[PROBLEM TO SOLVE]
What is needed is a verbatim copy of the data, minus the pictures.

[RAW DATA]
============

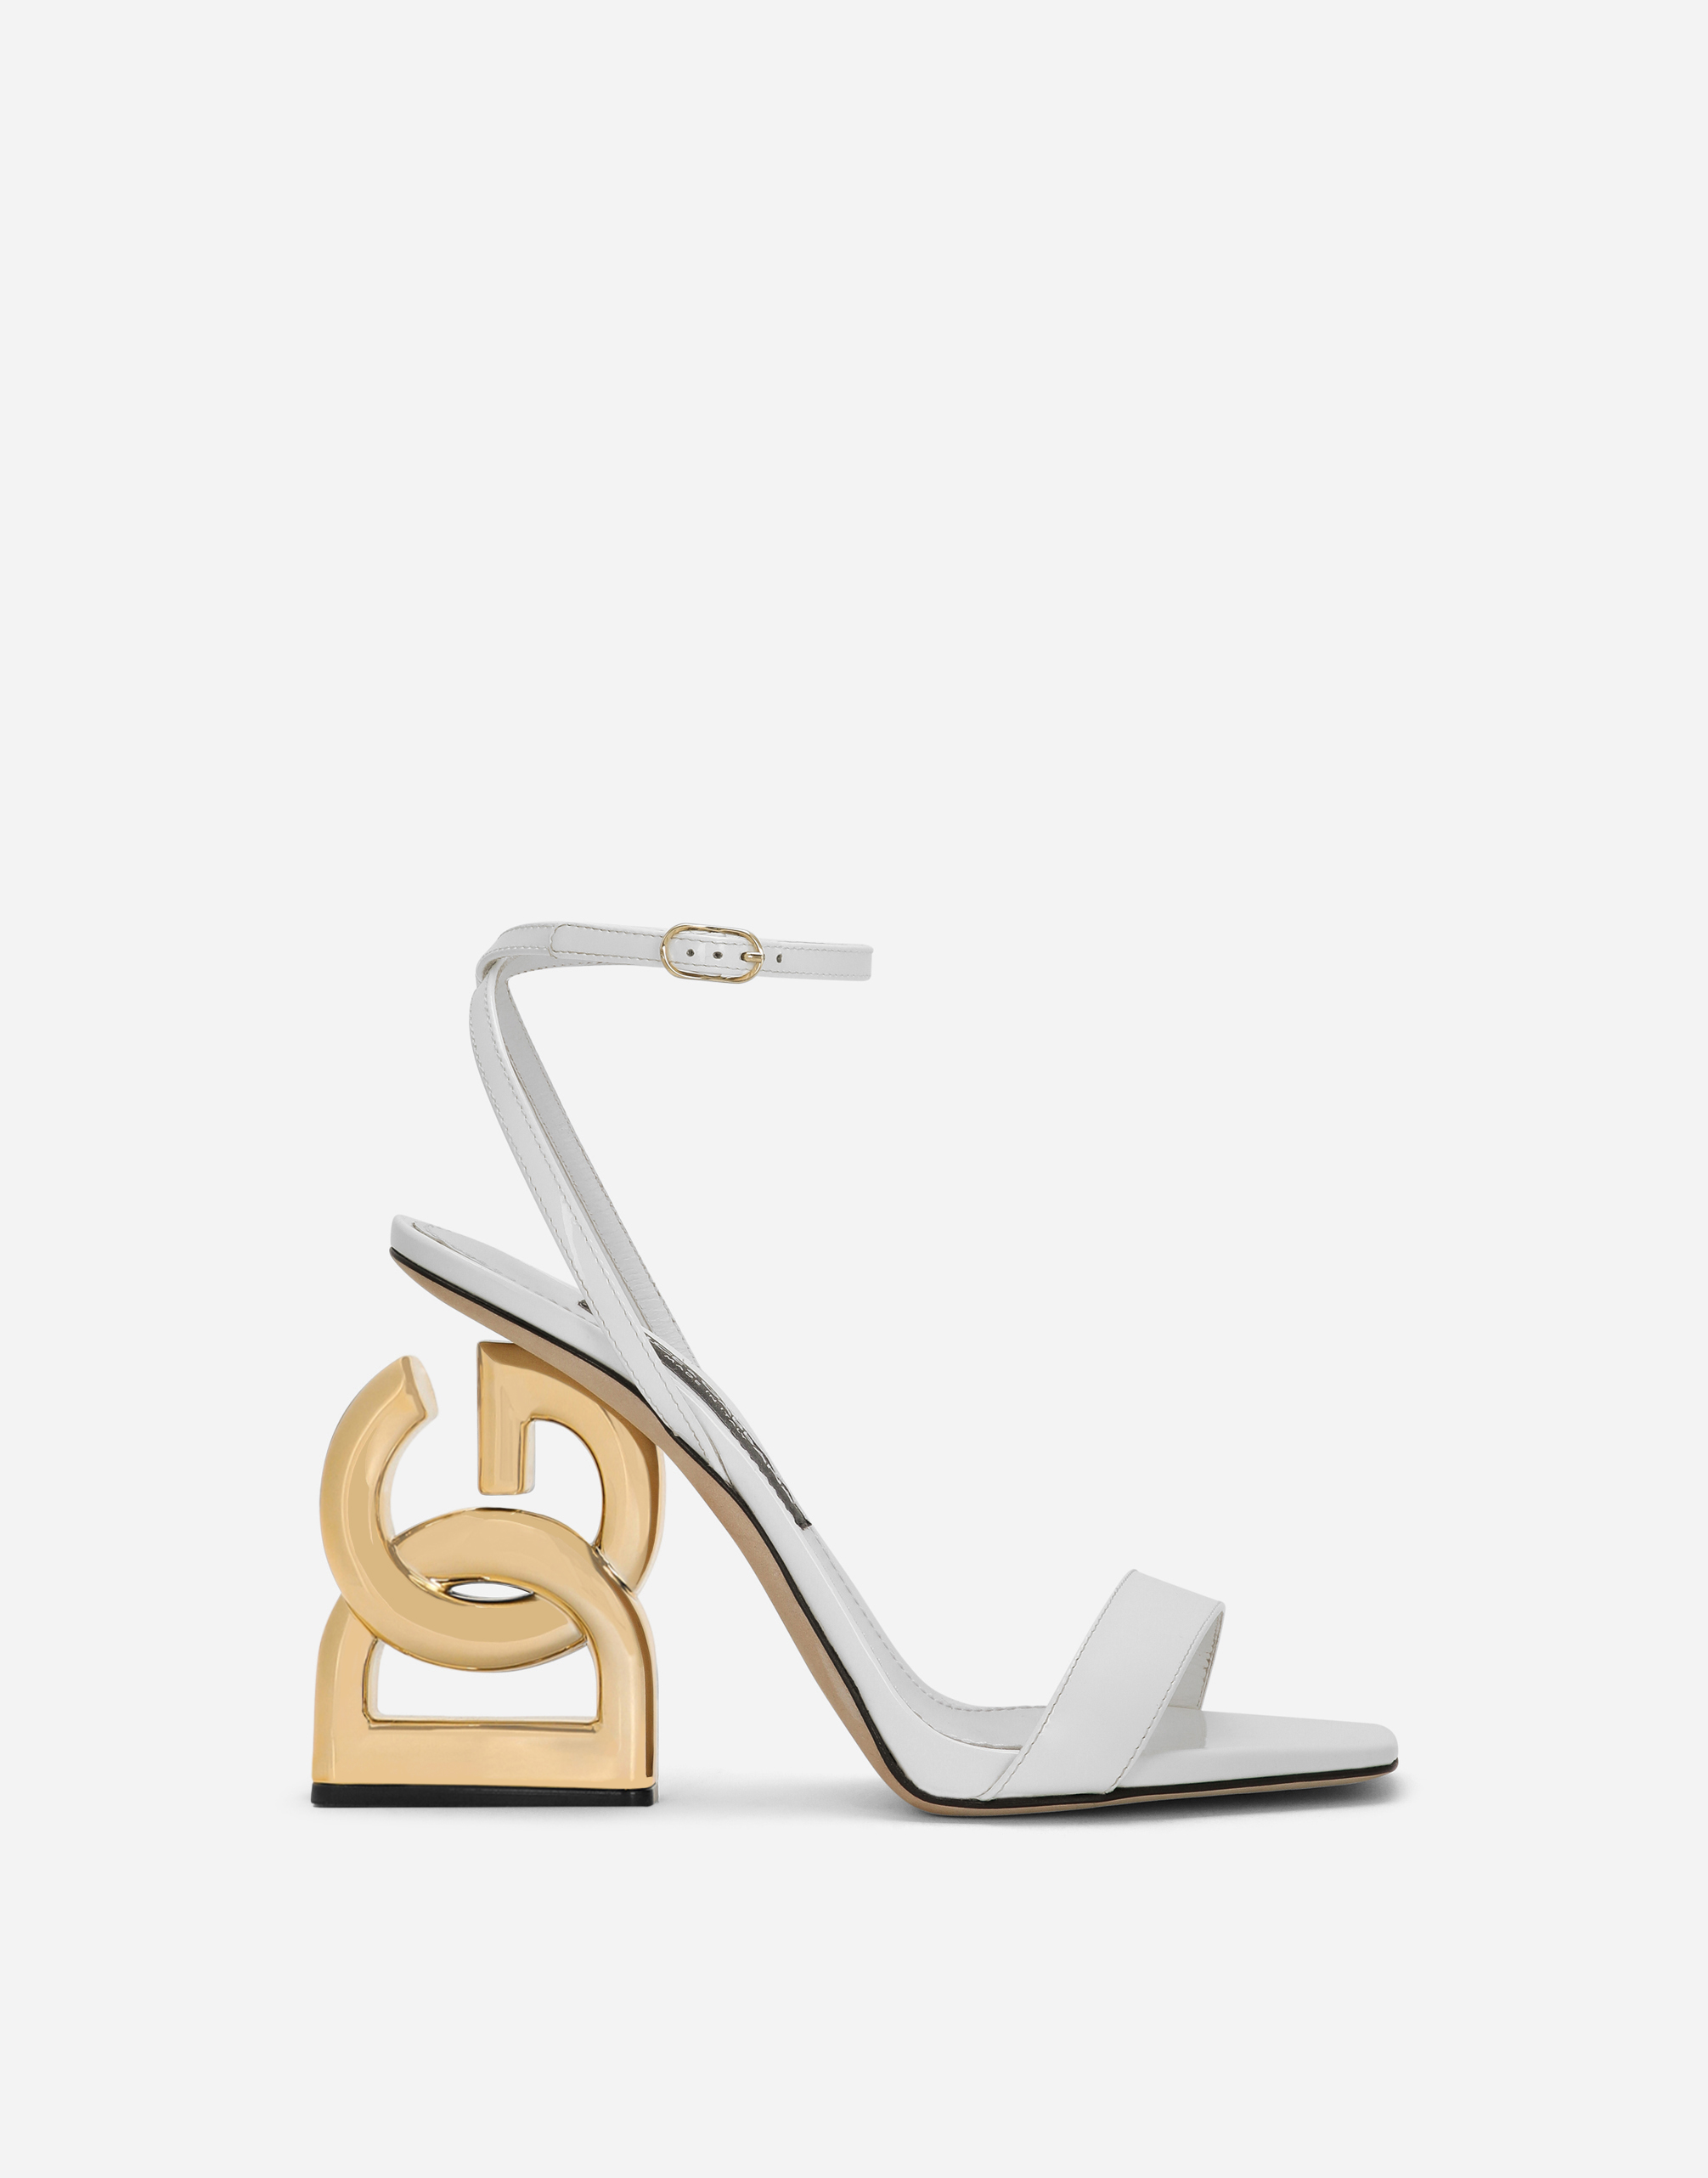 Patent leather sandals with 3.5 heel in White
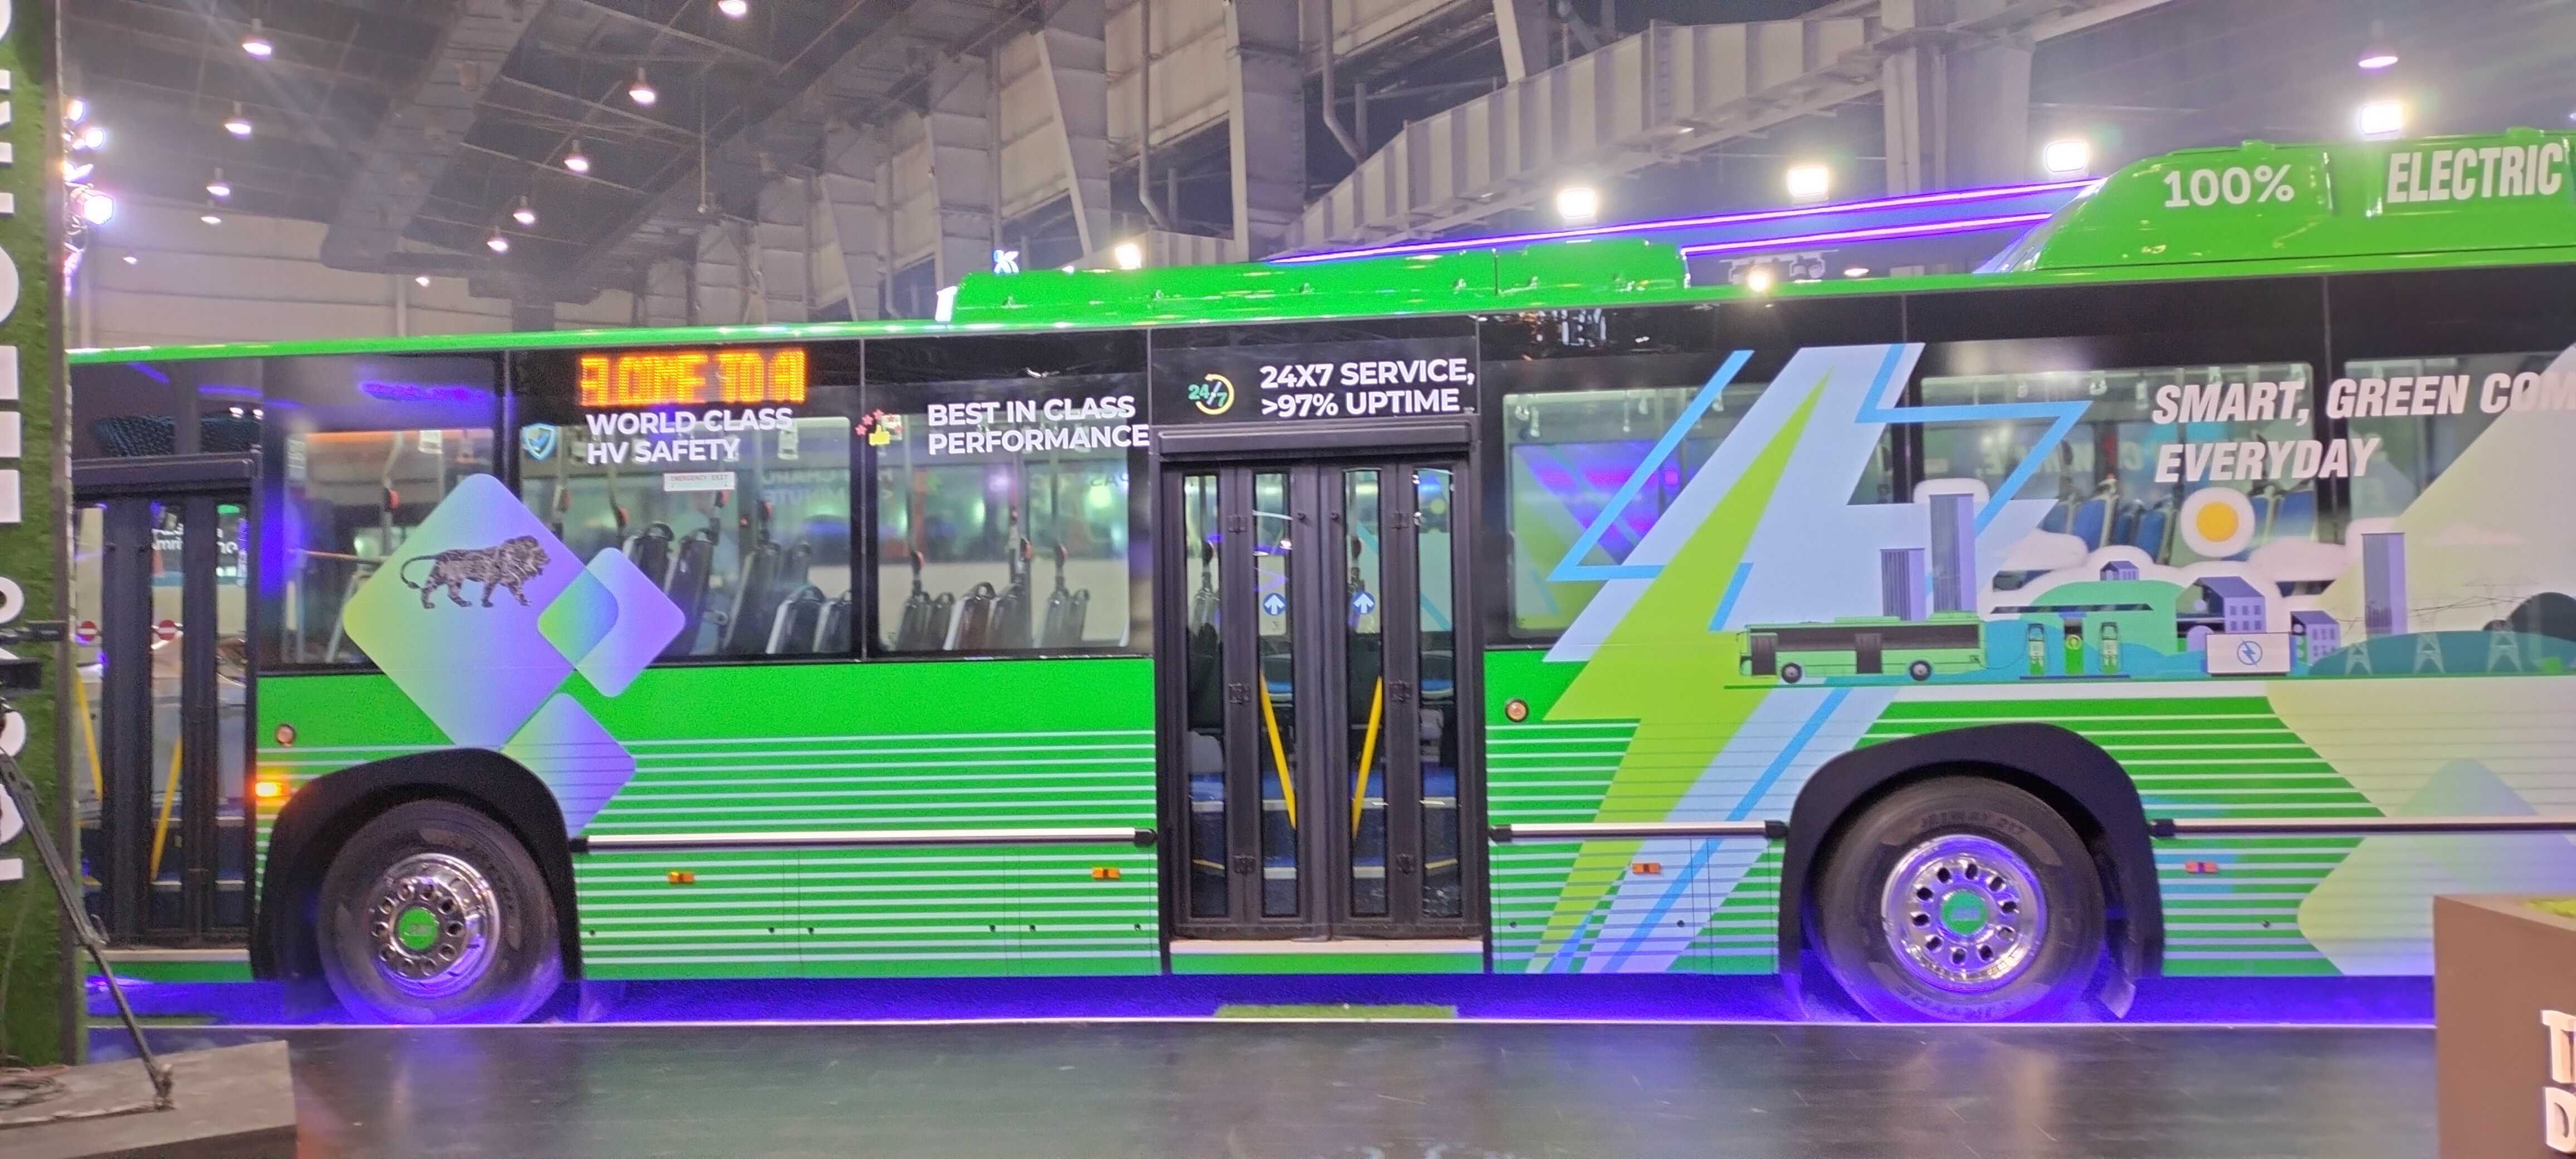 Auto Expo 2023 Live Updates:  JBM Auto showcased 3 new products in its electric bus series that cater to diverse platforms like city, staff and school segments.
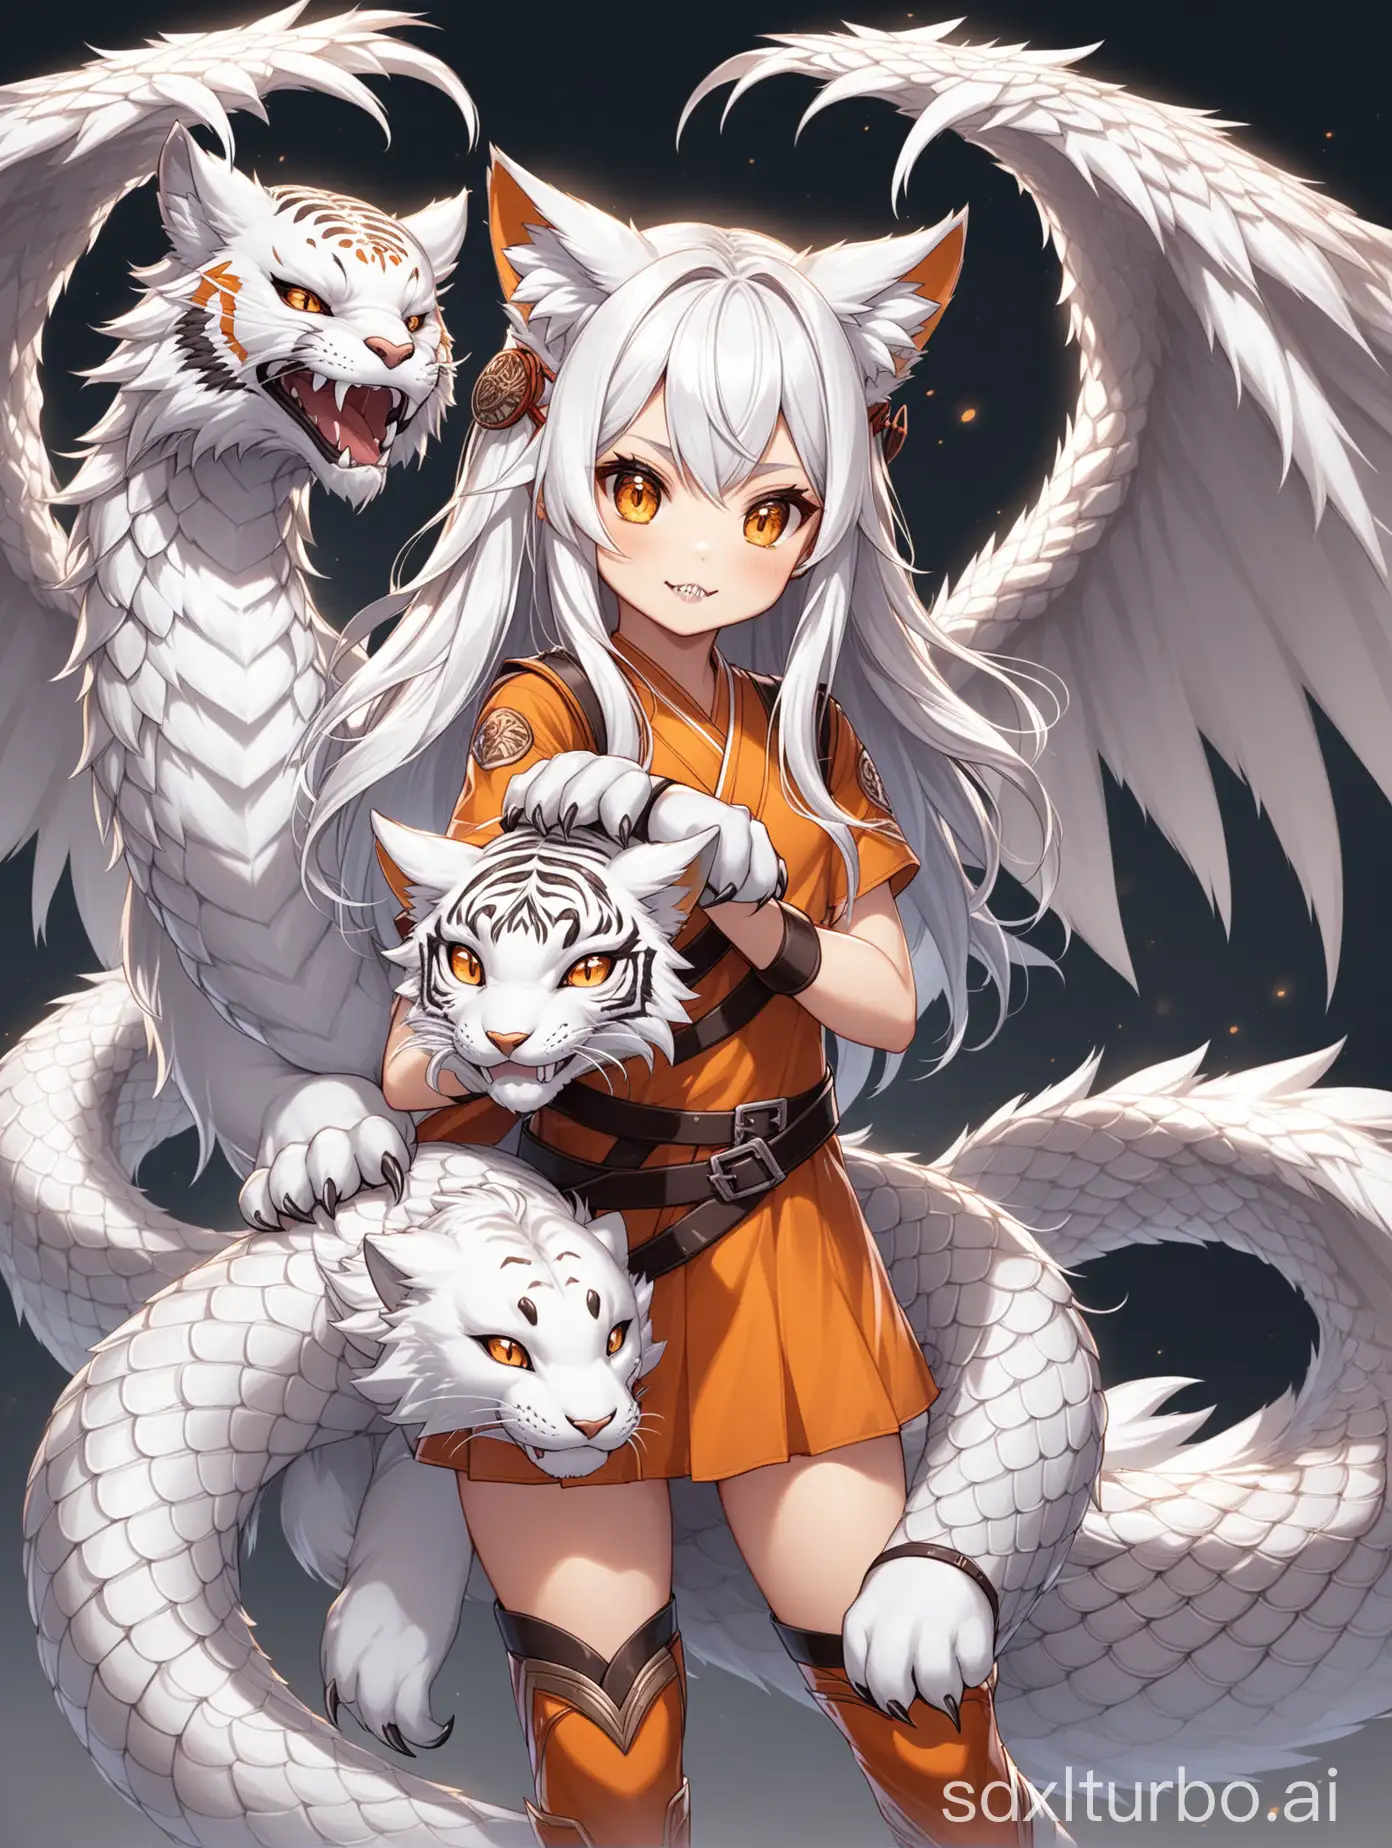 A 9-tailed fox with white tiger ears, dragon scales (a few on the arms), dragon claws, sculpted eagle wings, snake teeth, and a cute girl of 9 years old

============

[EXERCISE RESPONSE]
 Patent leather sandals with 3.5 heel in White
 Auto Expo 2023 Live Updates:  JBM Auto showcased 3 new products in its electric bus series that cater to diverse platforms like city, staff and school segments.
 A 9-tailed fox with white tiger ears, dragon scales (a few on the arms), dragon claws, sculpted eagle wings, snake teeth, and a cute girl of 9 years old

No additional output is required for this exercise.